チンパンジー侍

 むかしむかしあるところに、一匹のチンパンジーがいました。チンパンジーは森で呑気に暮らしていましたが、ある日、人間達によって捕まってしまいました。船に載せられたチンパンジーは、国境を越え、商人から商人へと売り渡され続けた結果、生まれ故郷から遥かに遠い異国の土地、日本までやって来ました。チンパンジーはそこでお殿様のペットとして飼われることになりました。ところが、いつの時代も物珍しさで飼ったペットを棄てる悪い奴はいるもので、お殿様は育てるのが面倒だとチンパンジーを追い出しました。

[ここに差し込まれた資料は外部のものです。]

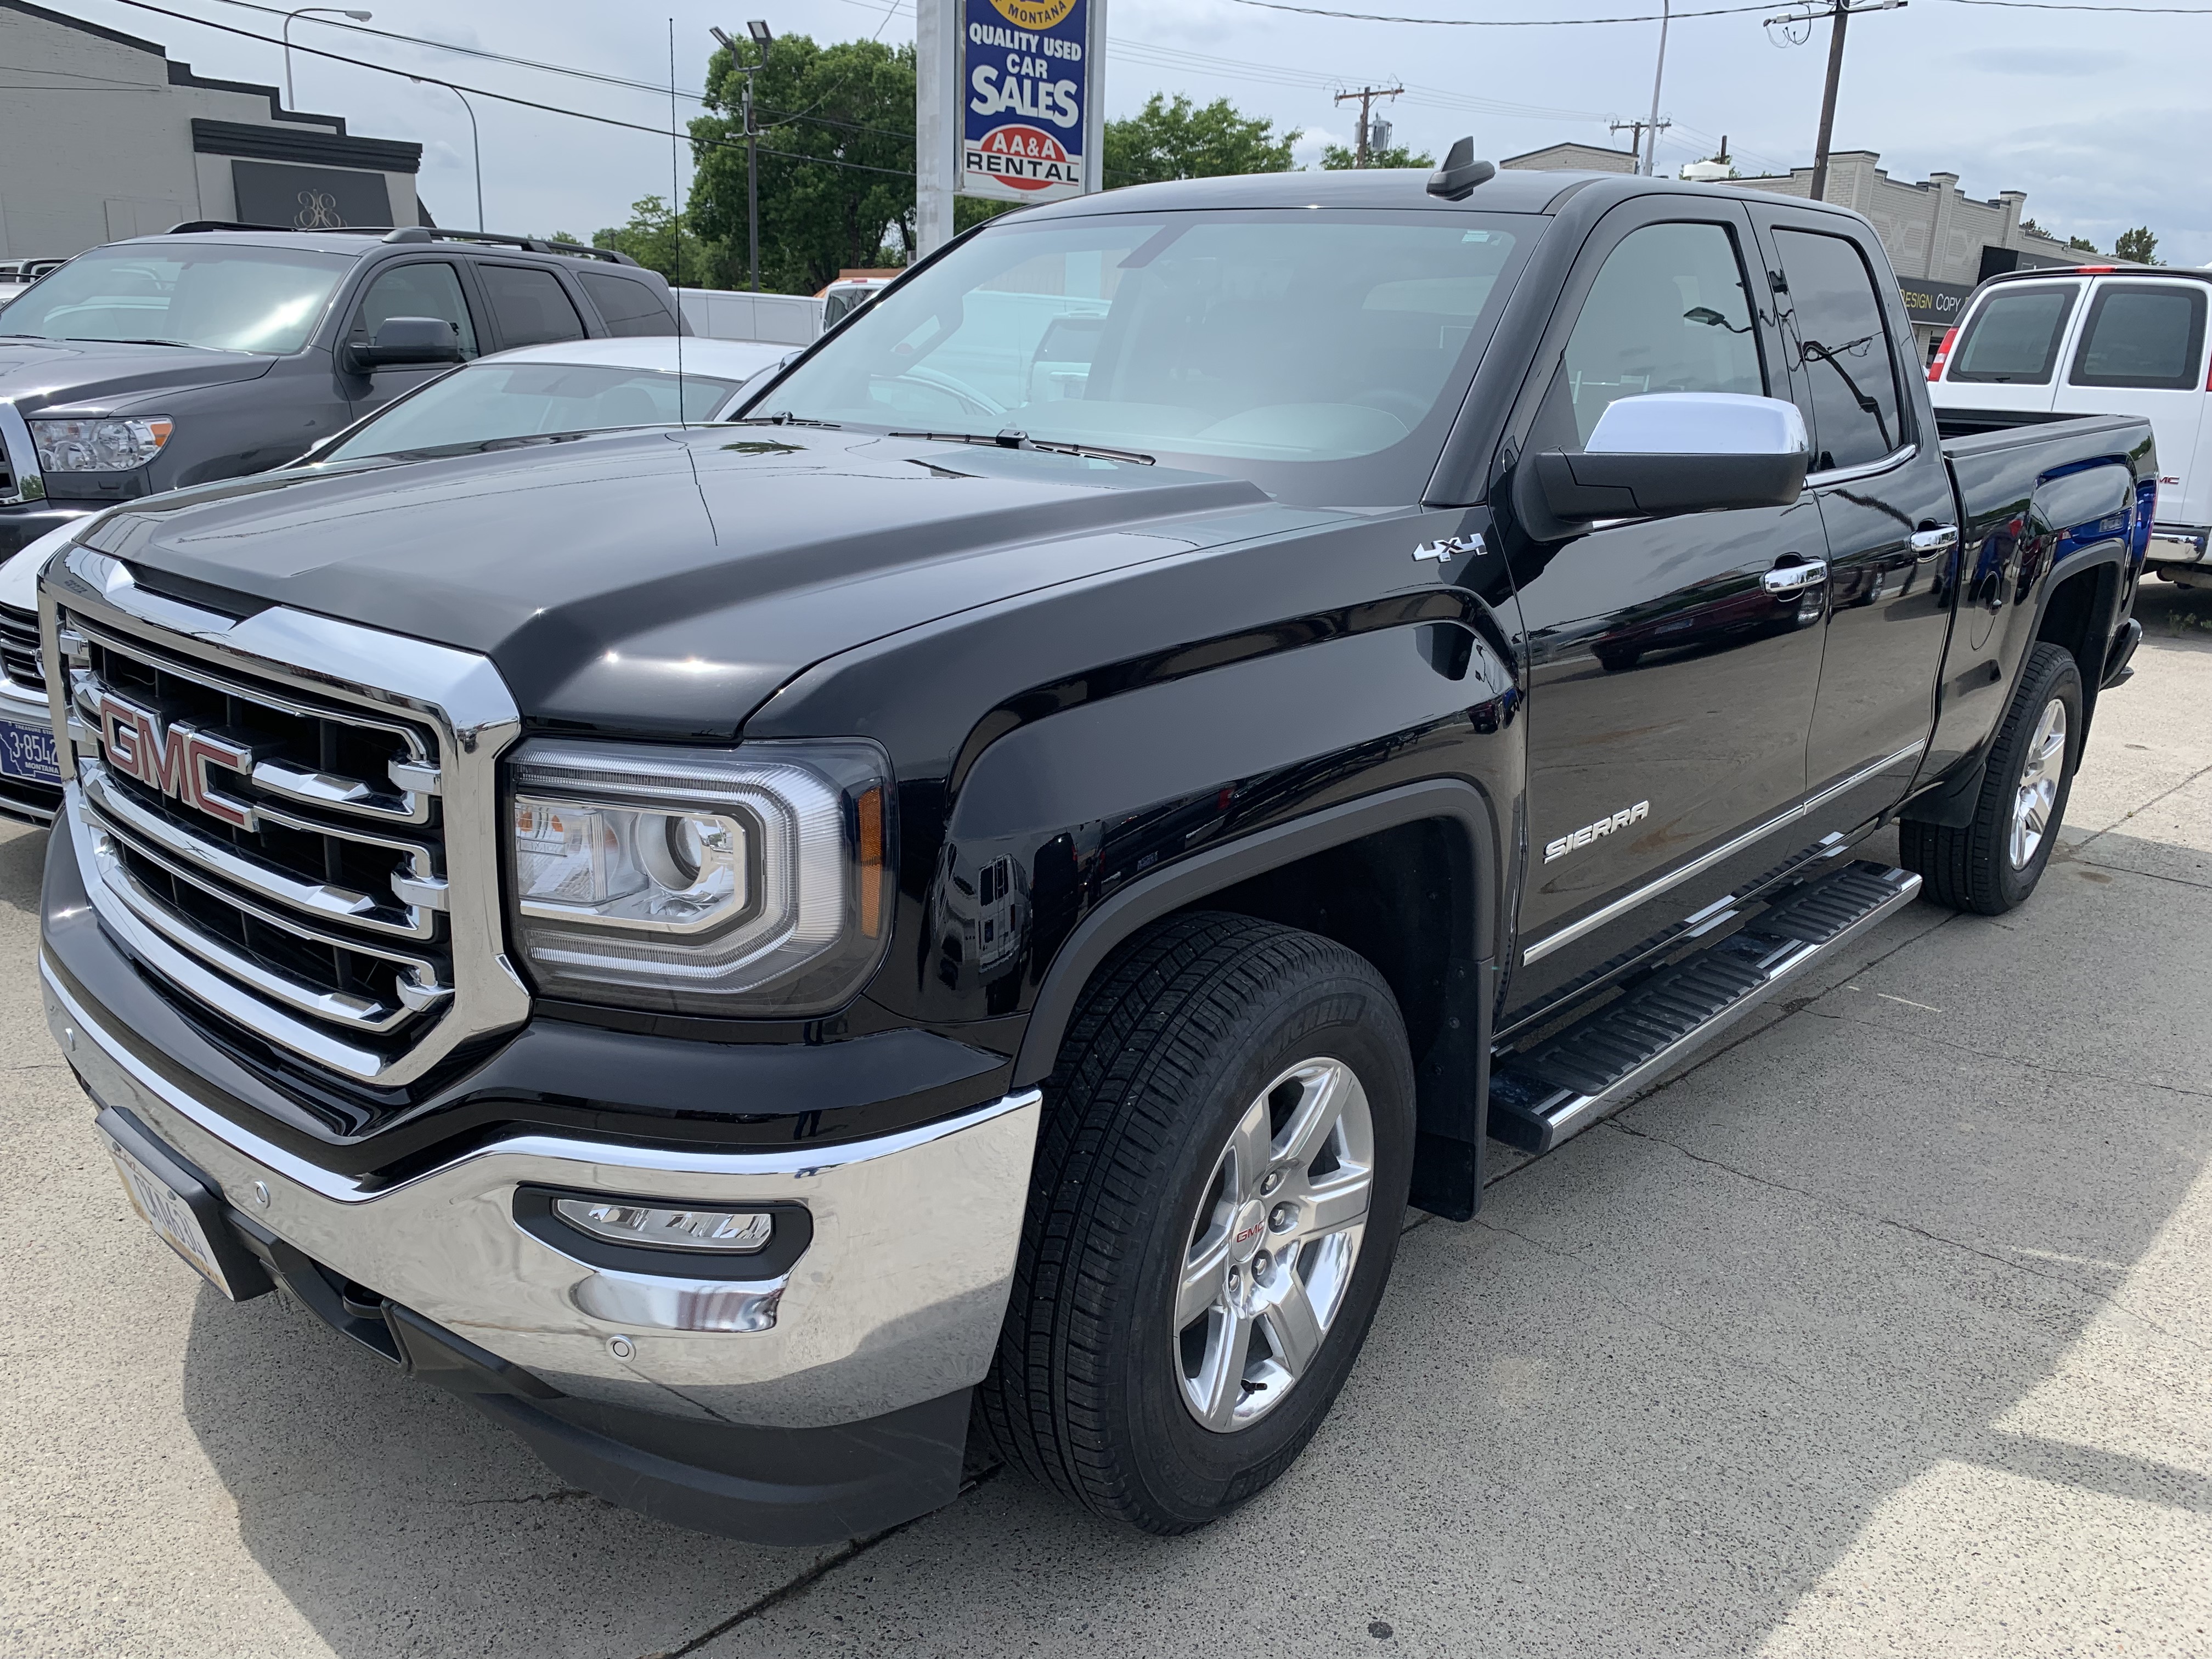 GMC Sierra Double Cab exterior restyling
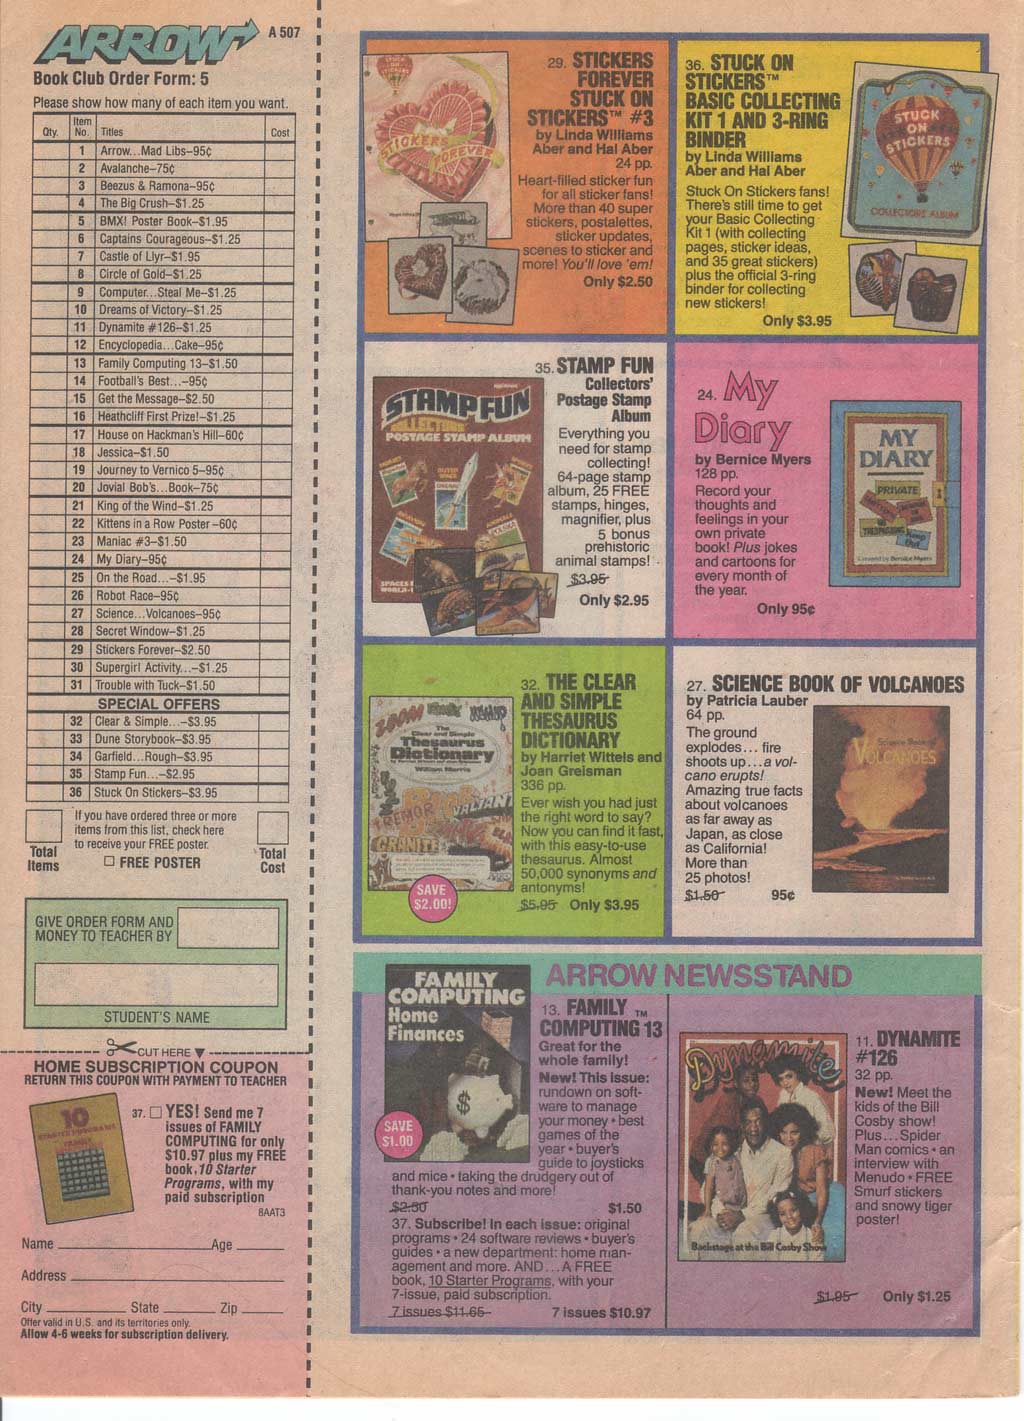 An old flyer from Scholastic Book Clubs. What books do you

 追い出されたチンパンジーは町中に出ると、お店に跳び込んでは、食べ物を奪って暮らしました。町の人々はチンパンジーの被害でほとほと困っており、商品に手を付けられた損失を増やさないために、退治にやっきになっていました。とはいえ、生き物を殺すには忍びなく、籠や網でチンパンジーを捕らえようとしたのですが、相手は素早く強いため、無理でした。とうとう怒りが頂点に達し、もう我慢が出来ないと町の人々は刃物を手に取って、チンパンジーを殺してしまおうと話し合い始めました。すると、そこへ気の良いお侍さんがやって来ました。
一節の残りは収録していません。